Тут, однако, мы, простые люди, опять заходим в тупик. "Межъязычье" - это впечатляет, но, положа руку на сердце, нам этого как-то мало; мы бы хотели и обычного языка, желательно - очень хорошего. Желательно - "на усех уроунях". Чтобы и лексика, и грамматика, и выбор слов, и все остальное. Тут мы опять с досадой вспоминаем, что русский человек Макин написал роман на французском языке, а на русском писать не стал, и мы можем прочесть этот роман только в обратном переводе с французского. И межъязычье межъязычьем, но у французского языка - свои законы, а у русского - свои. И более того, у французского языка, у французской литературы свой набор стилевых традиций, а у русского - свой. Например, - путаясь, размышляем мы, - как перевел бы француз на свое королевское наречие простенький русский текст: "То-то, брат, и оно-то!.. Это тебе не фу-фу!.. Неча! Эвон! Шалишь!.." - и, еще больше путаясь и горюя, догадываемся, что - никак бы не перевел, все бы испортил… Очевидно, и при переводе в обратную сторону, с французского на русский, должны возникать дубовые неловкости стиля, натужное притворство, словесные комки и колтуны. Добро бы действие "Французского завещания" происходило во Франции, так нет же - в России, в совке, в деревне! Добро бы главным персонажем была французская бабушка, так нет же, она одна такая, а остальные-то - наши! Один из этих наших, грубый и пьяный комиссар, говорит нежной француженке в 1922 году: "Я могу арестовать и расстрелять тебя здесь, во дворе, где сортиры!" Ой, не говорит он так, ни за что не поверю, - "во дворе, где". Наверное, он говорит что-то вроде: "Вот щас как арестую да и пущу в расход у нужника!" Или: на кухне у нашего героя взрослые вспоминают о прошедшей войне, причем "артиллеристов называли уже не иначе как "чужеспинниками"". Руку даю на отсечение, что они называли их "захребетниками"! Голову дам, да чего мелочиться - четвертуйте меня!

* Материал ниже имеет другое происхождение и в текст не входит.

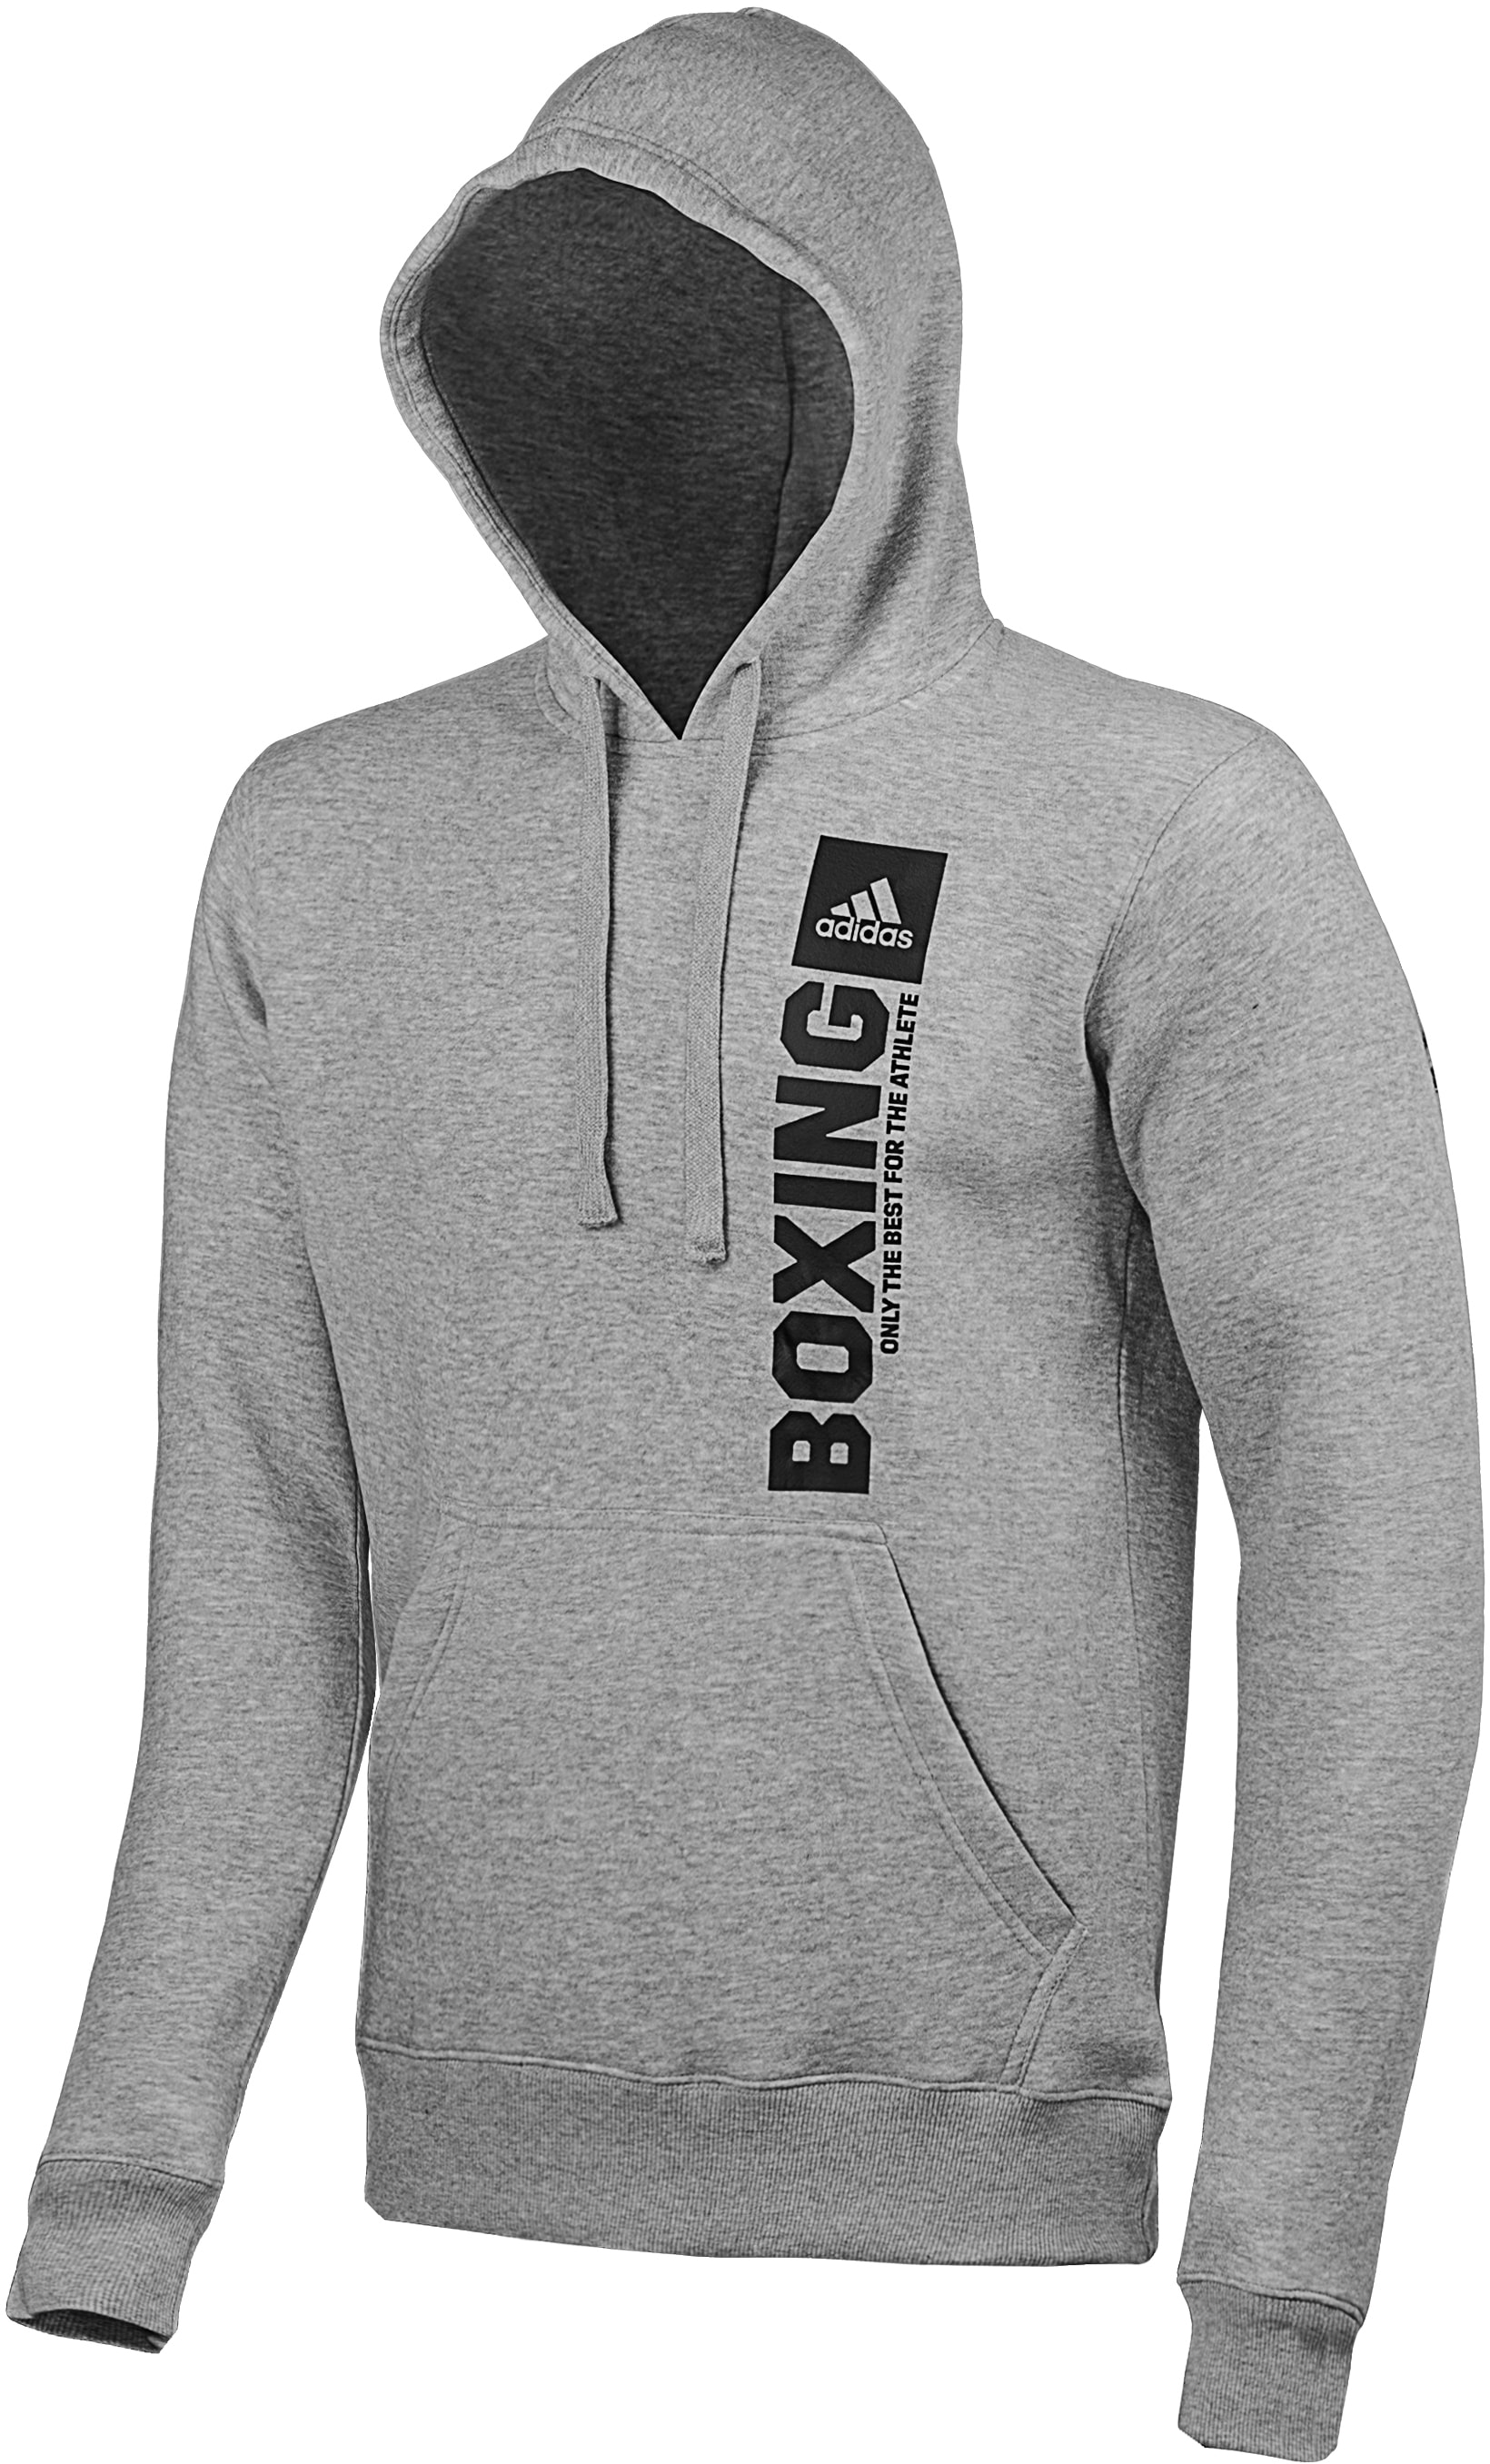 Hoodie Performance Vertical Hoody adidas bei OTTO »Community online BOXING«
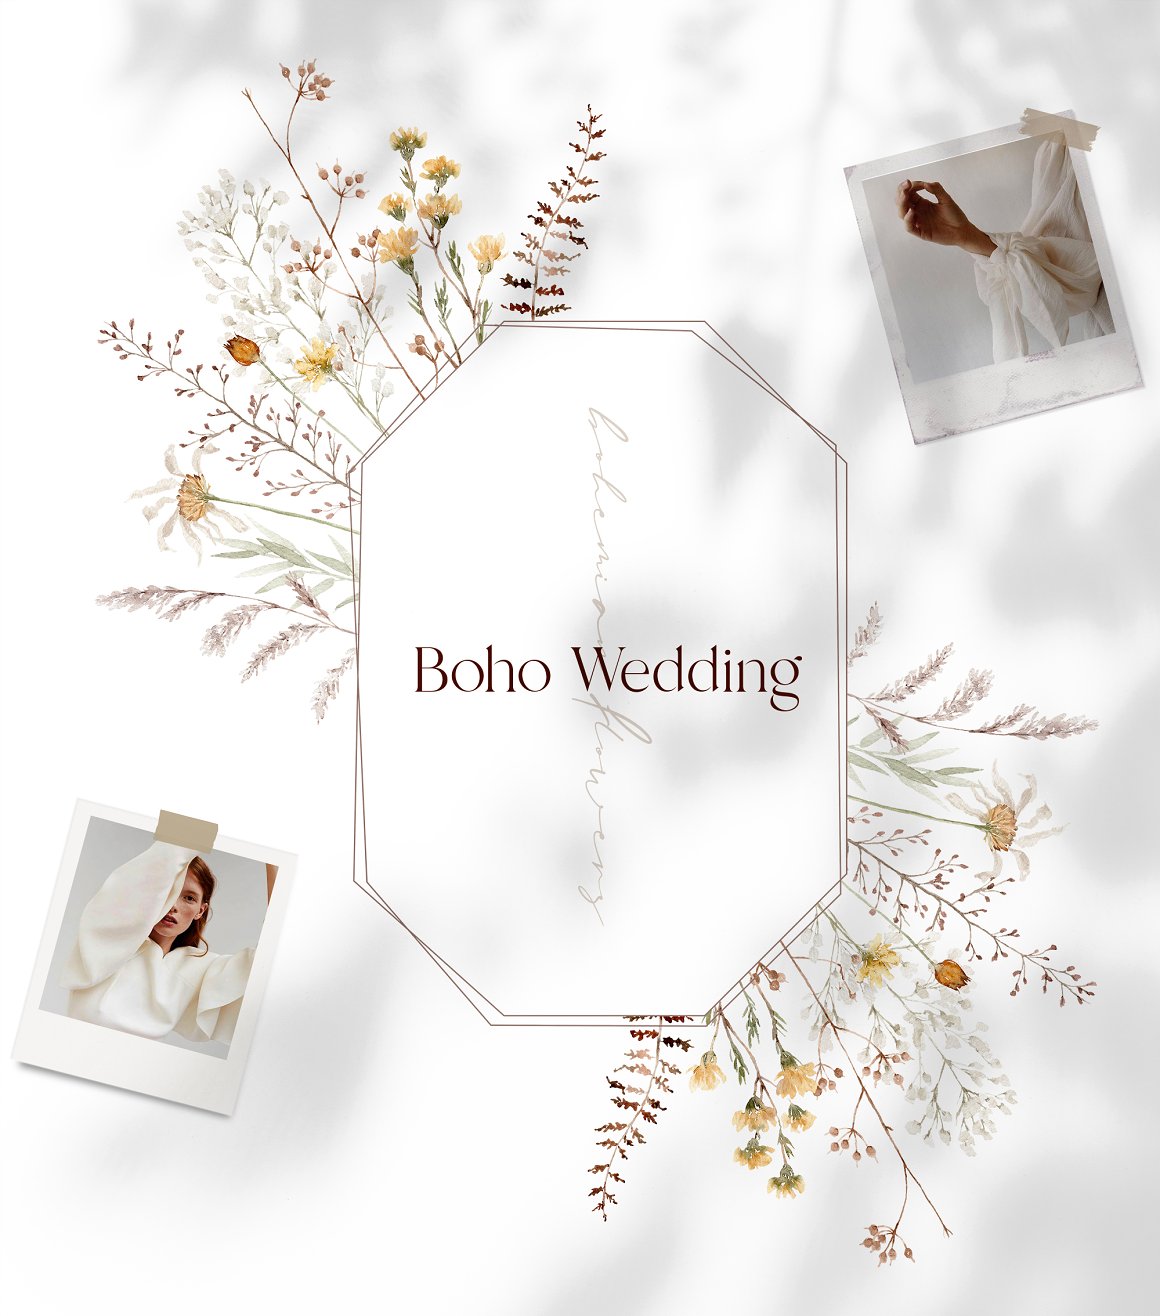 Lettering "Boho Wedding" in frame with flowers and 2 polaroid photos on a white background.

"Шарлотта увидела также мертвых лошадей".

"Эта встреча ни на волос не изменила".

"Не возлагала особенных надежд".

"Образ искалеченной мебели ставил нас в тупик".

"Она дотронулась своими грубыми пальцами крестьянки".

"Что до французского языка, на него мы смотрели скорее как на наш семейный диалект".

"Что до предполагаемой жертвы буржуазных взглядов, Альбертины…"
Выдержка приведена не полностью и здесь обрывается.